What is much less known is the fact that viruses can also take the opposite route: humans also transmit pathogens to animals. A tragic example are Infections of chimpanzees in a national park in Tanzania. It is very likely that visitors introduced the respiratory pathogen, metapneumovirus, which then spread among the monkeys. At least nine animals died.

British researchers are now presenting a paper that suggests that infections from humans to animals, known as anthropozoonoses, do not only occur occasionally. They are probably even more common than the other way around, they write in the journal Nature Ecology & Evolution.

The scientists from University College London and the Francis Crick Institute analyzed almost 59,000 virus genomes from public databases. They included 32 virus families associated with 62 different vertebrate species.

In this genome, the researchers found a total of around 3,000 signs that the viruses had spread to a new species. Most of these changes occurred between different animal species; Humans were involved in almost 600 cases. The jump from human to animal seemed to have occurred in 64 percent of cases, almost twice as often as the other way around.

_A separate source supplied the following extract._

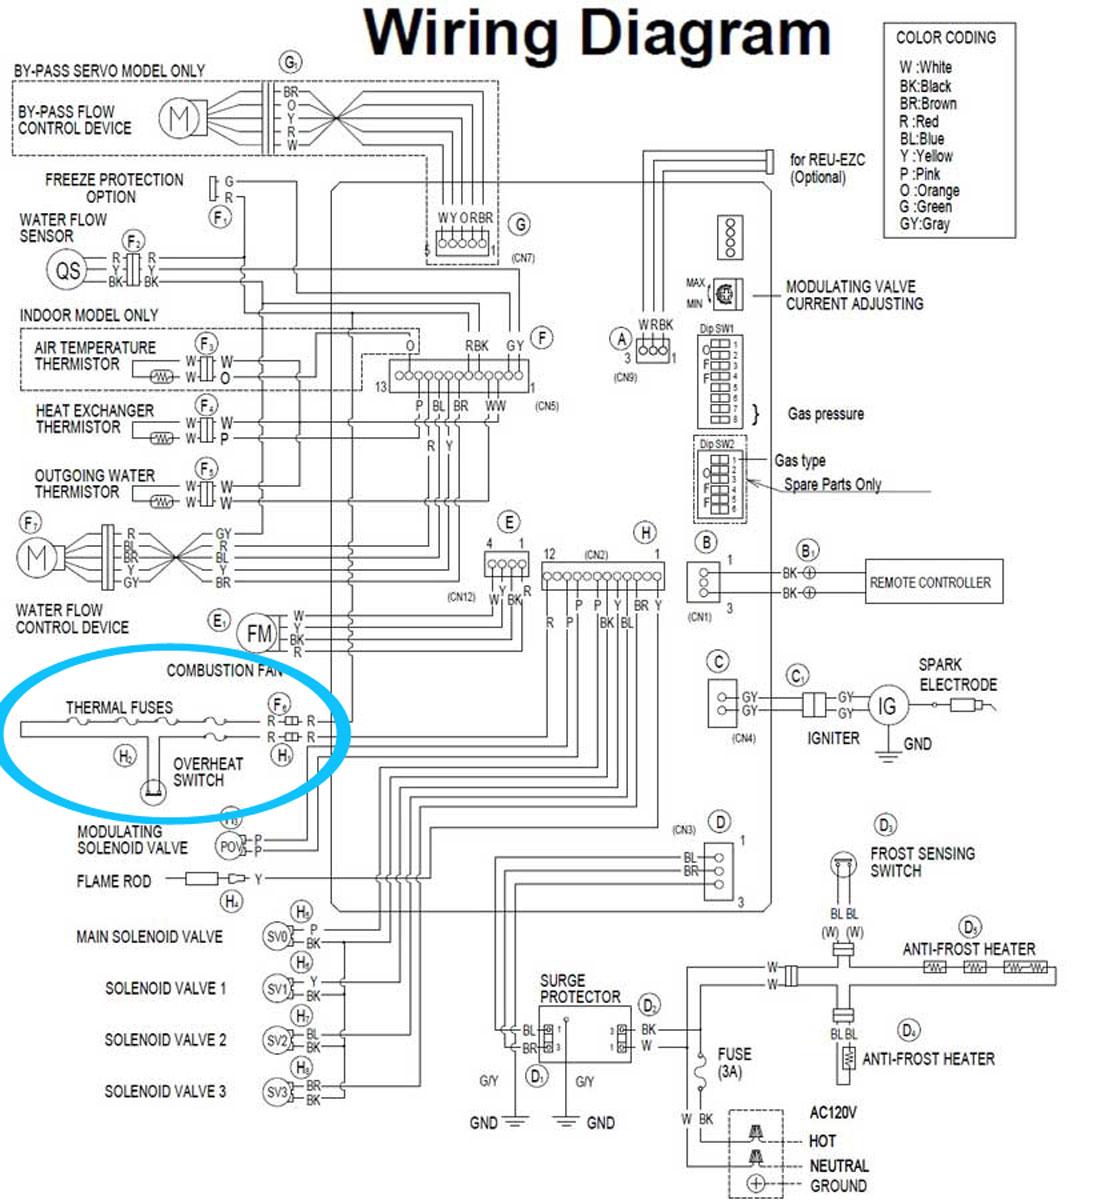 Rheem Rte 27 Wiring Diagram

The researchers most commonly identified spillovers to animal species in Sars-CoV-2, the pathogen that causes Middle East Respiratory Syndrome (Mers), and type A influenza viruses.

The authors argue that virus surveillance should pay more attention to anthropozoonoses. When animals become infected with human viruses, “not only can it cause harm to the animal and potentially pose a threat to the conservation of the species, but it can also cause new problems for humans,” says lead author Cedric Tan in a press release.

“Humans are just one node in a vast network of hosts”

Viruses that conquer new hosts can develop new properties there. If they then get back to humans, they could be more contagious or cause more illness. The pathogens can also find permanent hiding places in animals, undermining efforts to eradicate disease. They can also affect the supply of food, for example if large numbers of animals have to be culled due to epidemics.

The scientists caution that their picture is not complete. There are so many gaps in the genomic monitoring of viruses that their analysis probably only scratched the surface. If more viruses were discovered and sequenced, different results would be possible. In addition, the collections of viral genomes that they used were very concentrated on pathogens that are of particular interest to humans. And yet, even in this sample, 80 percent of all spillover events occurred between different animal species. The exchange of viruses in the animal kingdom is therefore probably greatly underestimated.

Ultimately, says co-author and epidemiologist Francois Balloux, humans should not be viewed so much as victims of animal viruses, but rather as “just a node in a vast network of hosts that endlessly exchange pathogens.” What happens can be devastating for everyone involved.